Who Wants to be a Millionaire (Next Door)?
Host: Michael Kitces
I would love to see financial planning guru Michael Kitces play the Regis Philbin role of this personal finance spin-off of the once popular hit show. Contestants would work their way through a progressively harder set of questions and scenarios related to saving, spending, investing, tax-management, and estate planning until they reached the Million dollar prize. The original “lifelines” would be altered as follows:
- 50/50 → 60/40
- Phone-a-Friend → Phone-a-CFP®
- Ask the Audience → Ask your day trader brother-in-law
Fear Factors
Co-Hosts: Wes Grey of Alpha Architect and Meb Faber of Cambria Investments
This show would be a last-man-standing type battle in the ultimate challenge: sticking with an underperforming factor for a multi-year period without tapping out and succumbing to the siren song of chasing past performance. Anyone who has lived through a decade of Value underperformance can tell you they would much rather eat a mouthful of worms!
Fund Family Feud
Host: Charley Ellis
Representatives of traditional high-cost, active management shops would go toe-to-toe with their counterparts from asset management firms that are providing low-cost, rules-based and empirically derived strategies.

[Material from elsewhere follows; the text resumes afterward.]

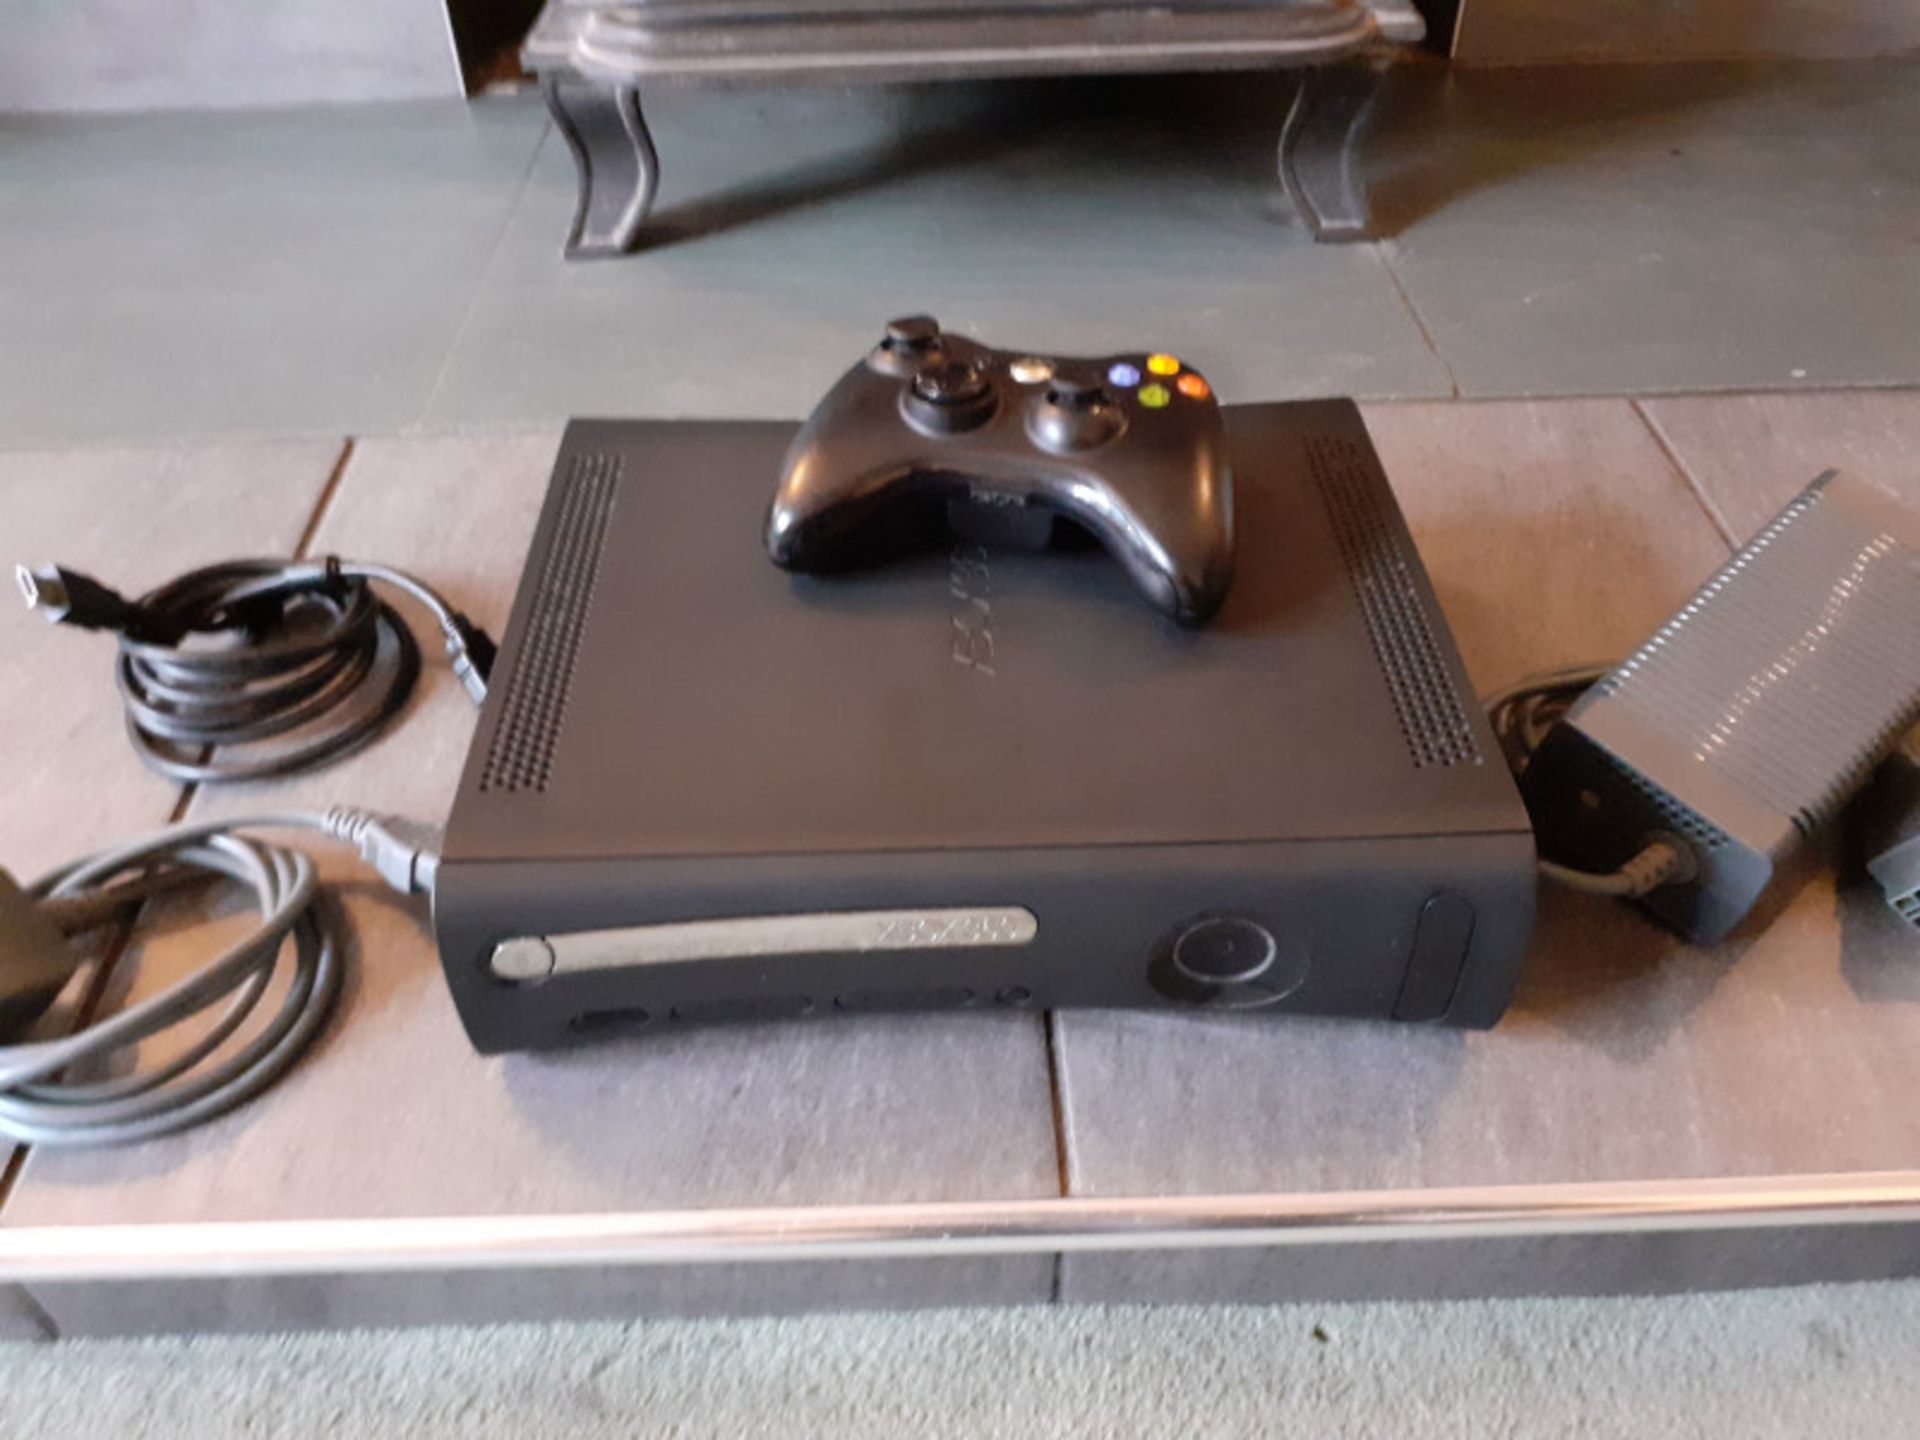 Xbox 360 games console with controller, power lead, HDMI cable (no hard drive)

This one may be a bloodbath…
The Price is (Always) Right
Host: Eugene Fama
Instead of having people guess the prices of different securities to see who gets the closest, Professor Fama just tells them what the current price is and recommends they not waste their time speculating and trust that markets are efficient pricing mechanisms.
This one may not get picked up for a second season…

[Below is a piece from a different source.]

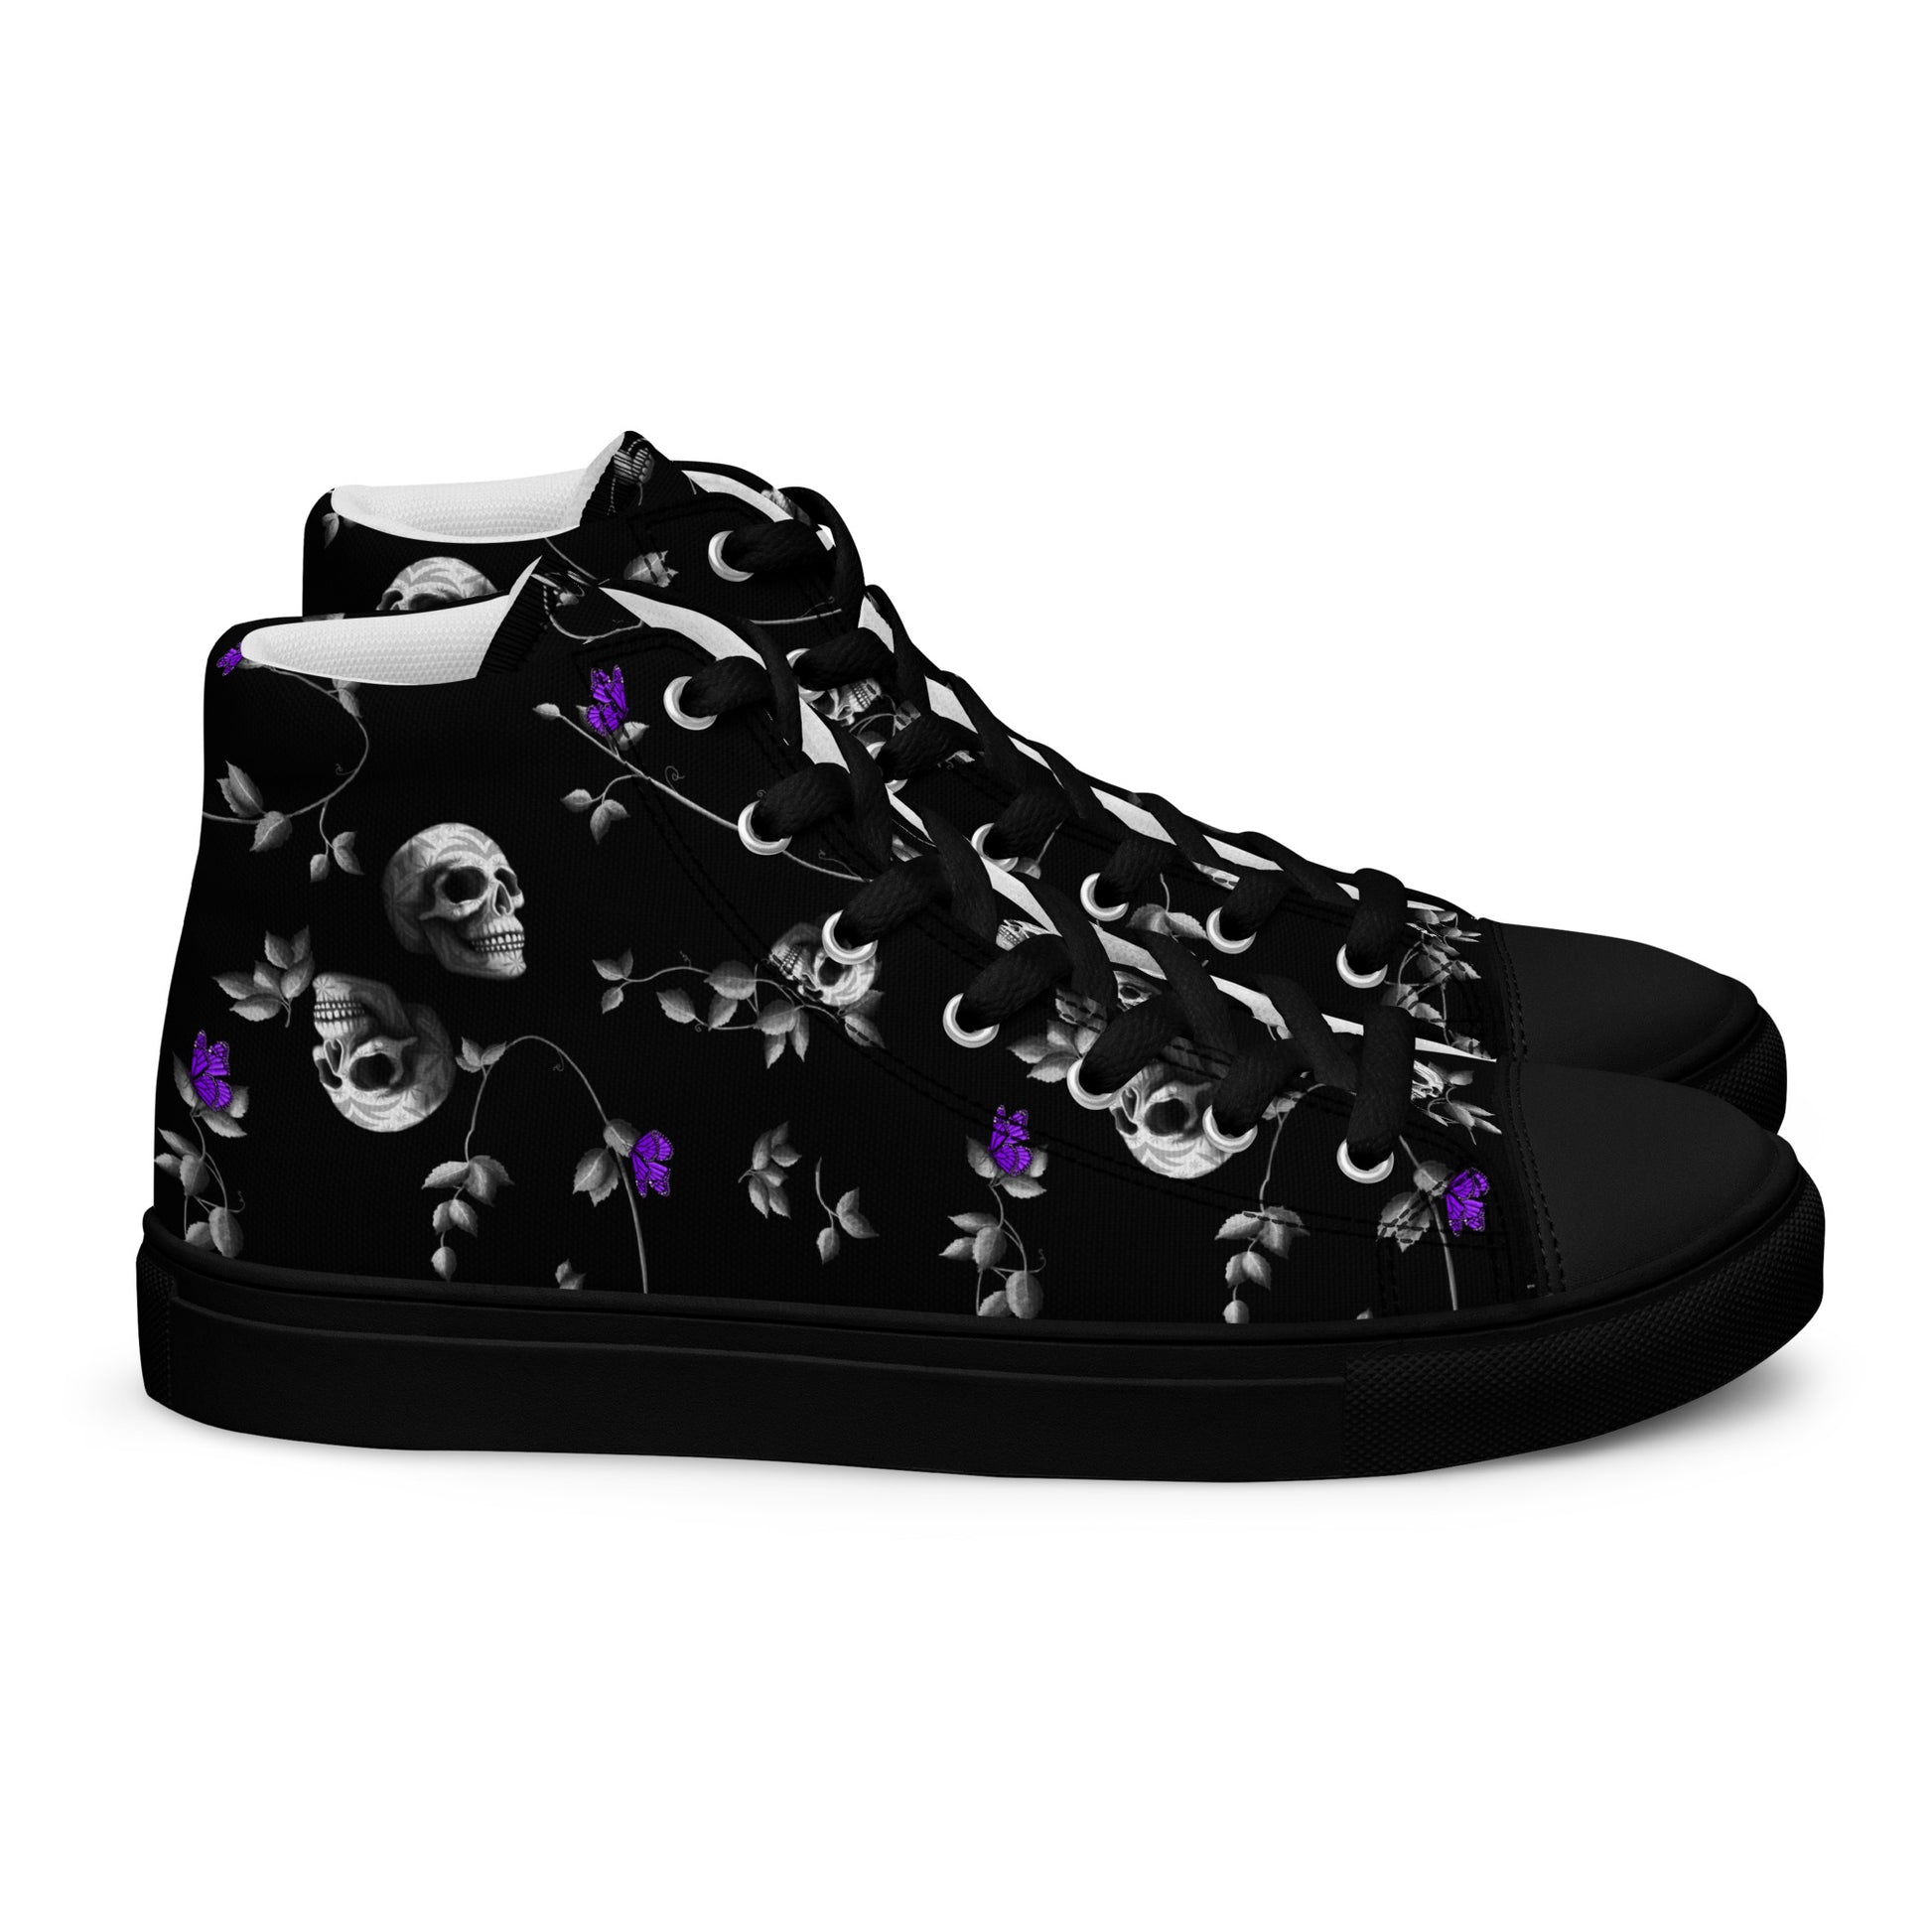 Stormseye Design Gothic Skulls high top shoes, black sole, side view

Are You Smarter Than A Five Star Fund Manager?
Host: Michael Mauboussin
This show would put the role of luck and randomness in markets on full display. Grade school children and successful professional money managers are given relevant, real-time data and context of the current environment and asked to predict how various asset classes will perform over the next week, month, year. Results will be reviewed in subsequent episodes. I imagine the results would shock some. Others, not so much.
Trade or No Trade
Host: Morgan Housel
If your answer is ‘yes’ more than 10% of the time, you’ll probably lose.
The Newly-advised Game
Host: Barry Ritholz
This game would truly test how well an advisor knows their prospective client – and vice versa – before entering into what should be a meaningful, long-term relationship.
Omaha Squares
Co-Hosts: Warren Buffett & Charlie Munger
This riff on Hollywood Squares would be LEGENDARY with the occupants of the tic-tac-toe cubes being other iconic investors such as Seth Klarman and Howard Marks.

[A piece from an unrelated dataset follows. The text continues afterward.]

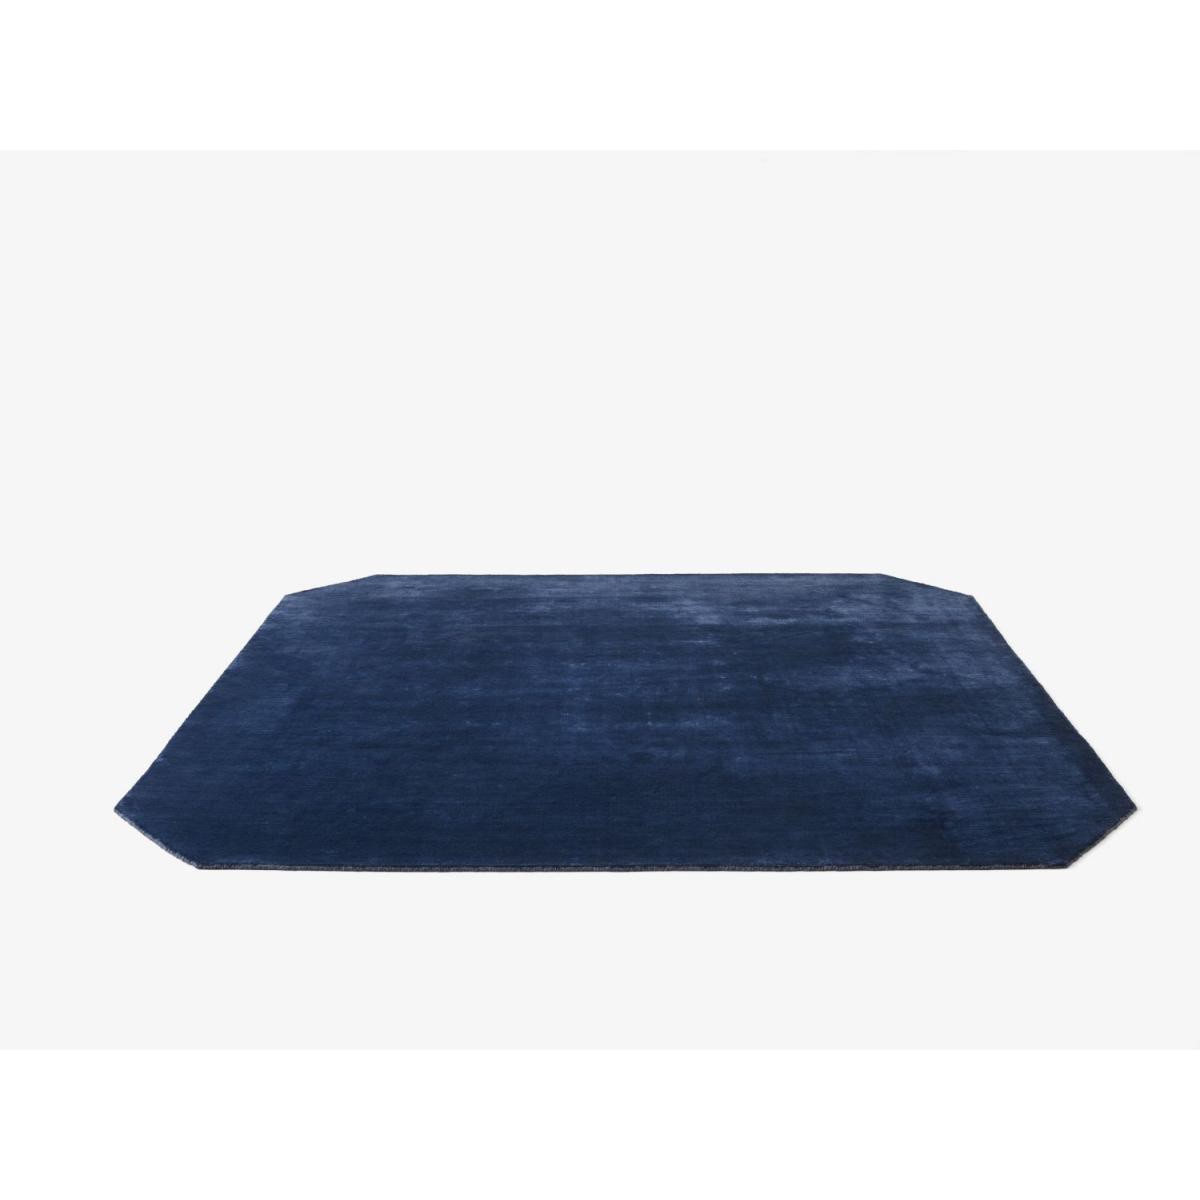 Andtradition - Tapis The Moor - 300 x 300 cm - bleu nuit - Tapis

I won’t hold my breath for the network execs to back up a Brinks truck to my house for the rights to these ideas, but these tongue-in-cheek concepts would be a vast improvement over a lot of what passes for financial television these days. The reality is that prudent investing isn’t supposed to be entertaining and unfortunately, to many people, translating valuable financial concepts to a medium such as television is the equivalent of watching paint dry while eating broccoli.
I’m not faulting CNBC for putting on the programming that they do. Their job is to sell ads and boost ratings. Fear and greed happen to be their best levers to pull for doing that. I’m guilty of watching it myself sometimes, as there are certain shows or guests I find entertaining and interesting. But I am careful to not confuse what’s interesting with what’s actionable. As a rule of thumb, the higher a pundit’s confidence level is on a given topic, the higher your level of skepticism should be.
So those are the kinds of things I dream about. I should probably go see a therapist, shouldn’t I?